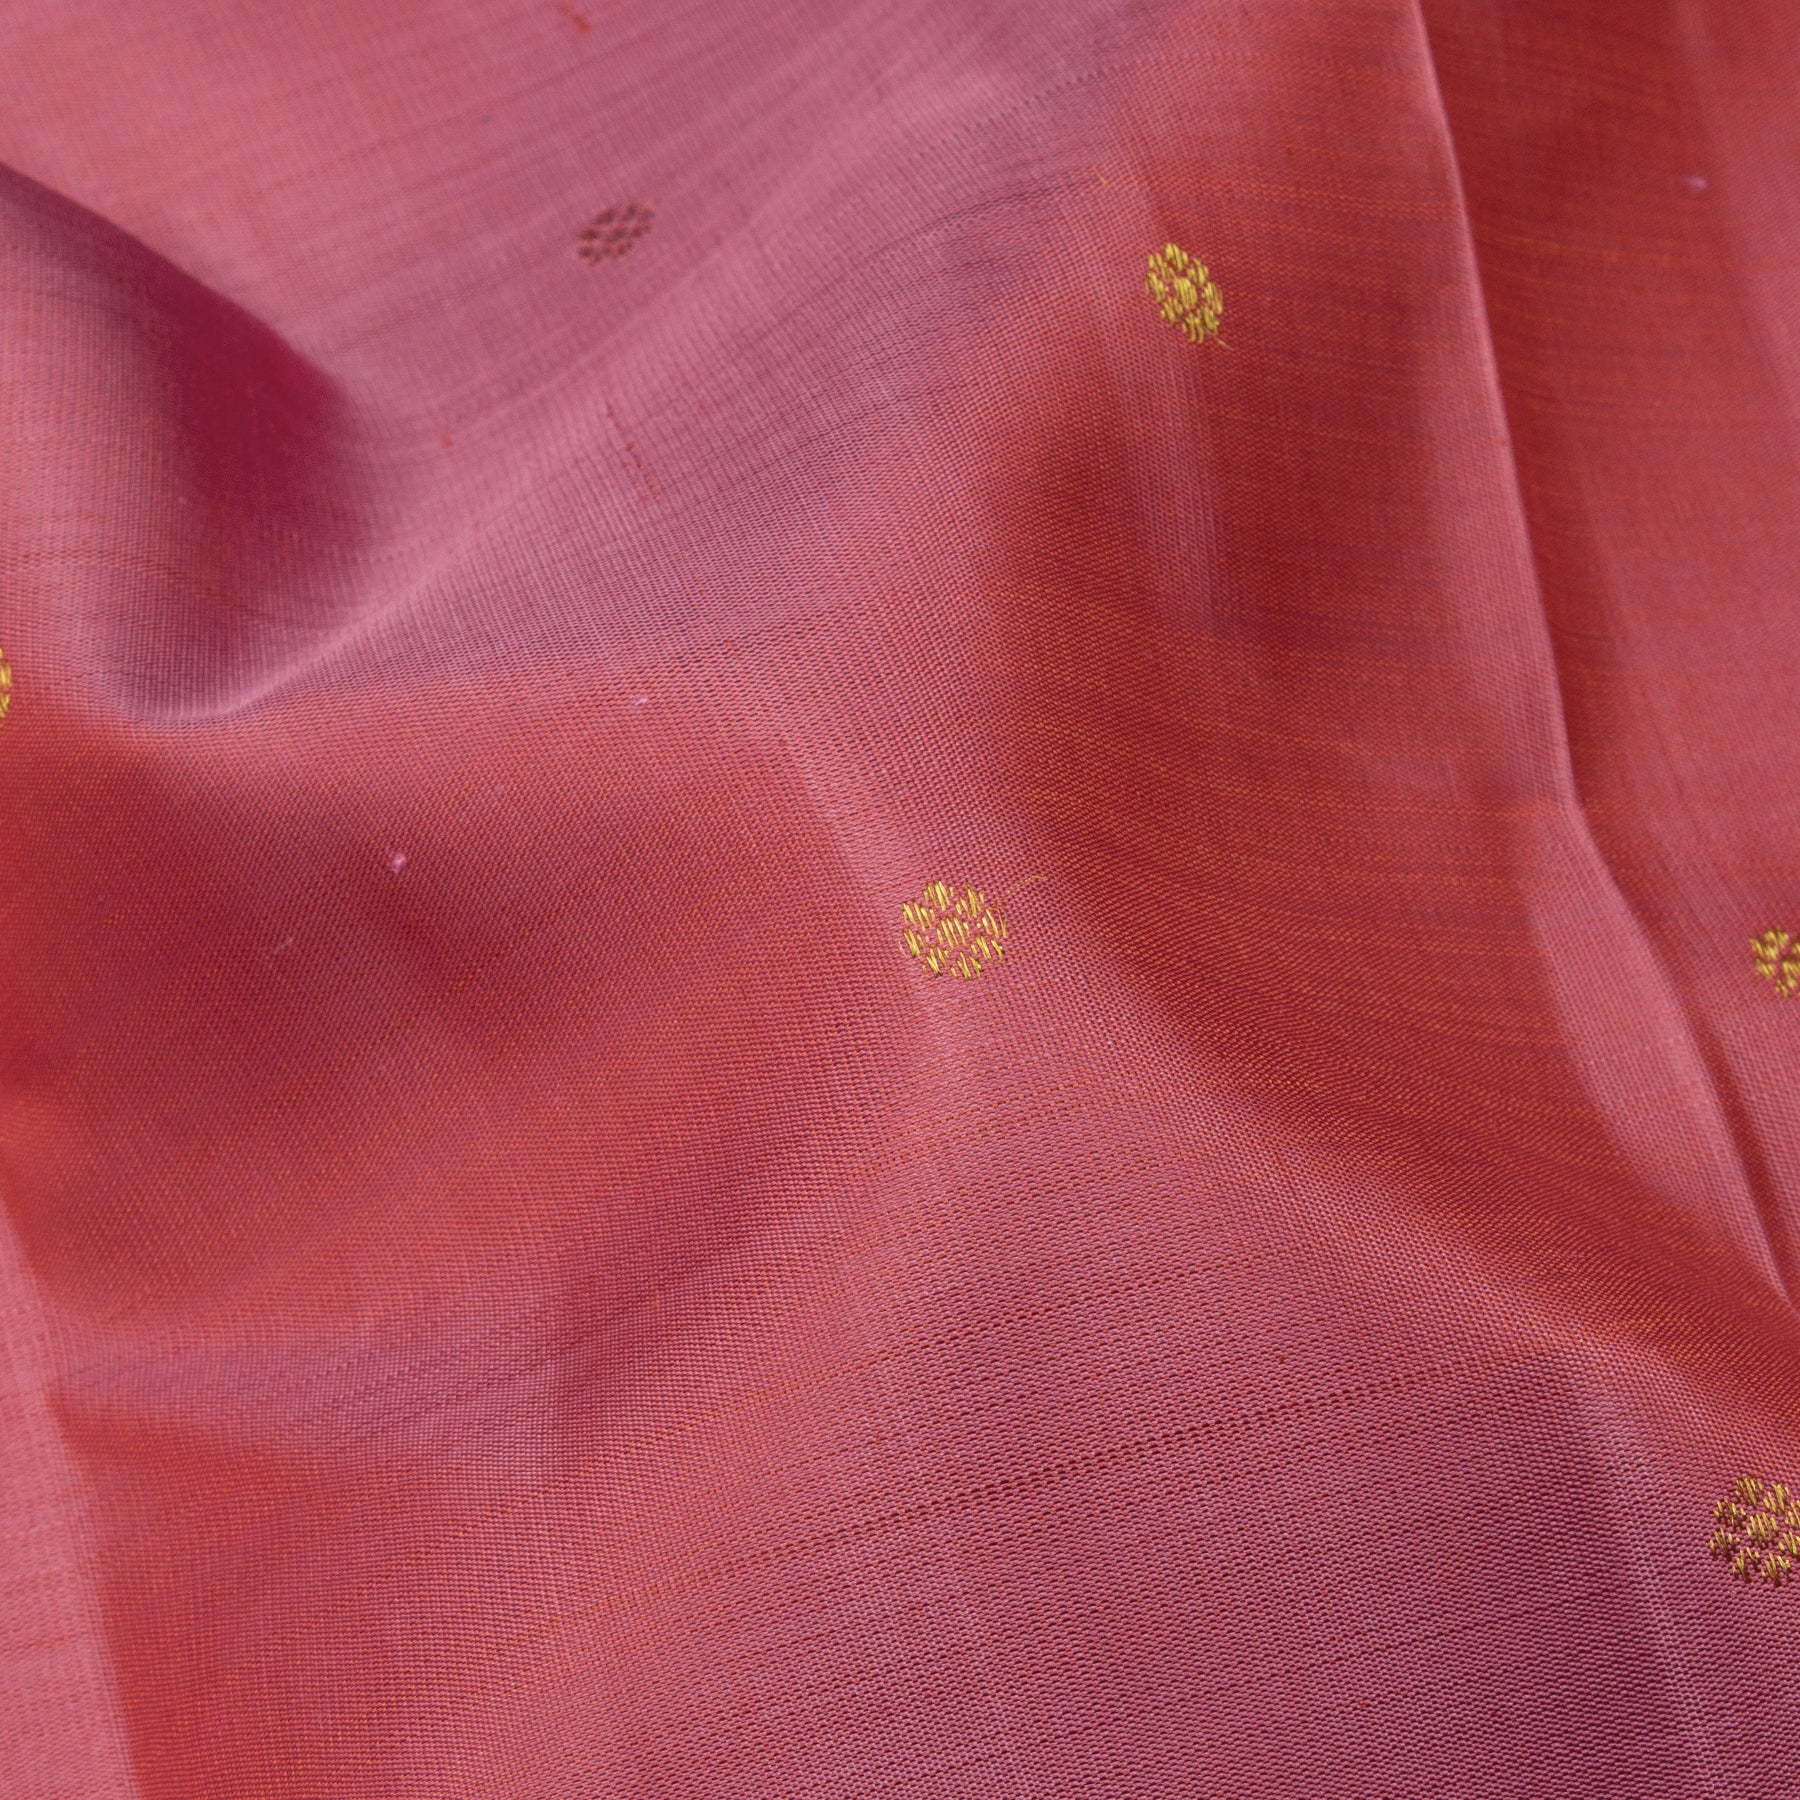 Kanakavalli Kanjivaram Silk Sari 23-611-HS001-13349 - Fabric View
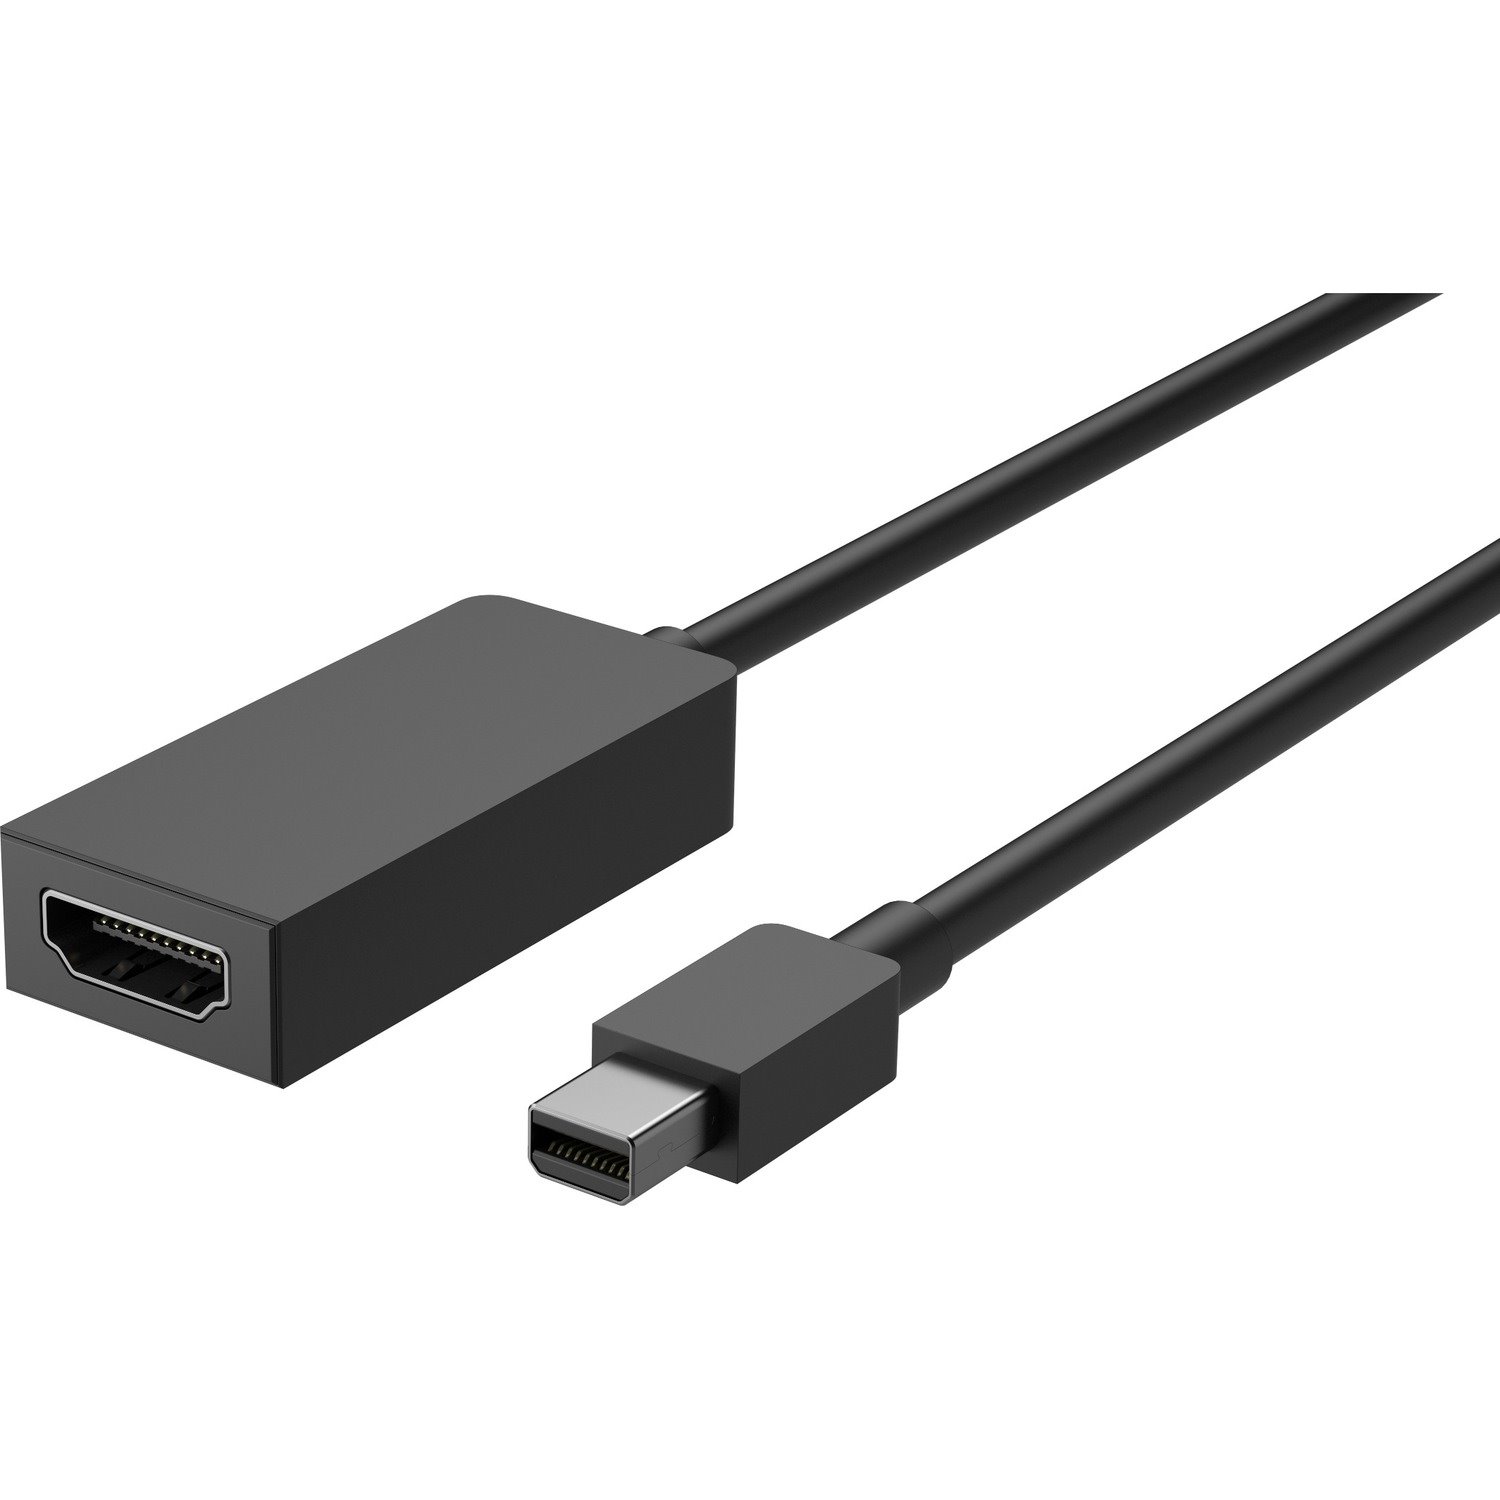 Microsoft HDMI/Mini DisplayPort A/V Cable for Audio/Video Device, HDTV
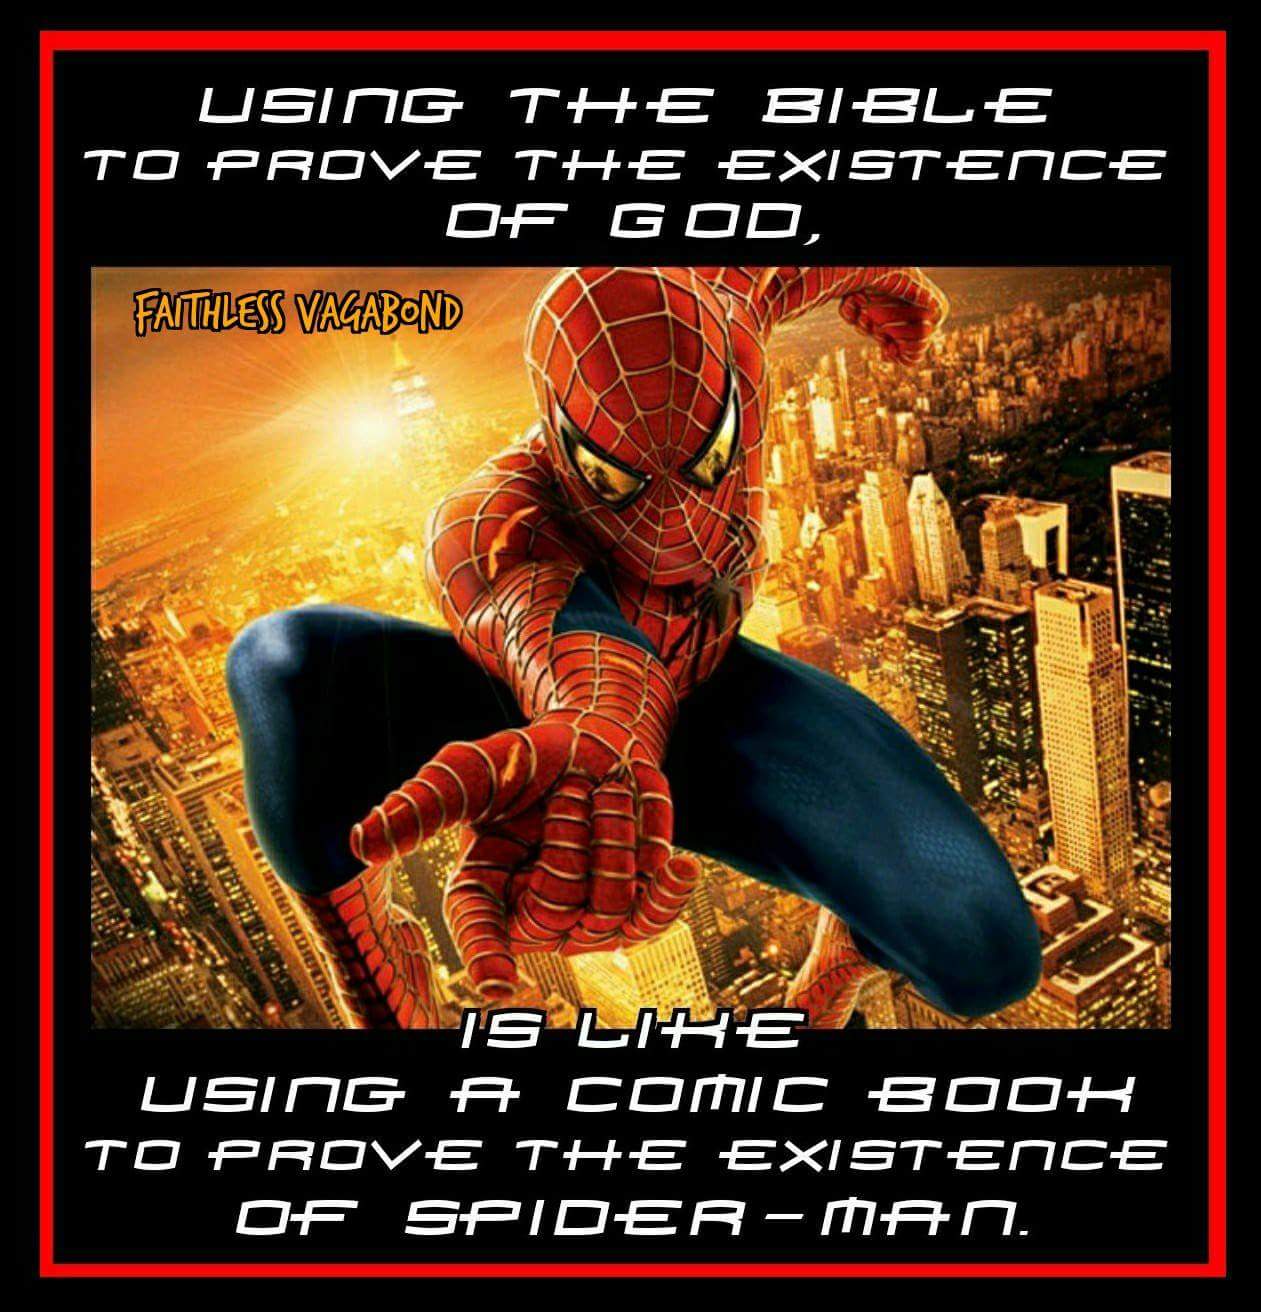 The Bible is Mythology

### What is required
In your copy, leave out the pictures and reproduce the material above exactly.

### Response to this task
 Kanakavalli Kanjivaram Silk Sari 23-611-HS001-13349 - Fabric View
 Microsoft HDMI/Mini DisplayPort A/V Cable for Audio/Video Device, HDTV
 The Bible is Mythology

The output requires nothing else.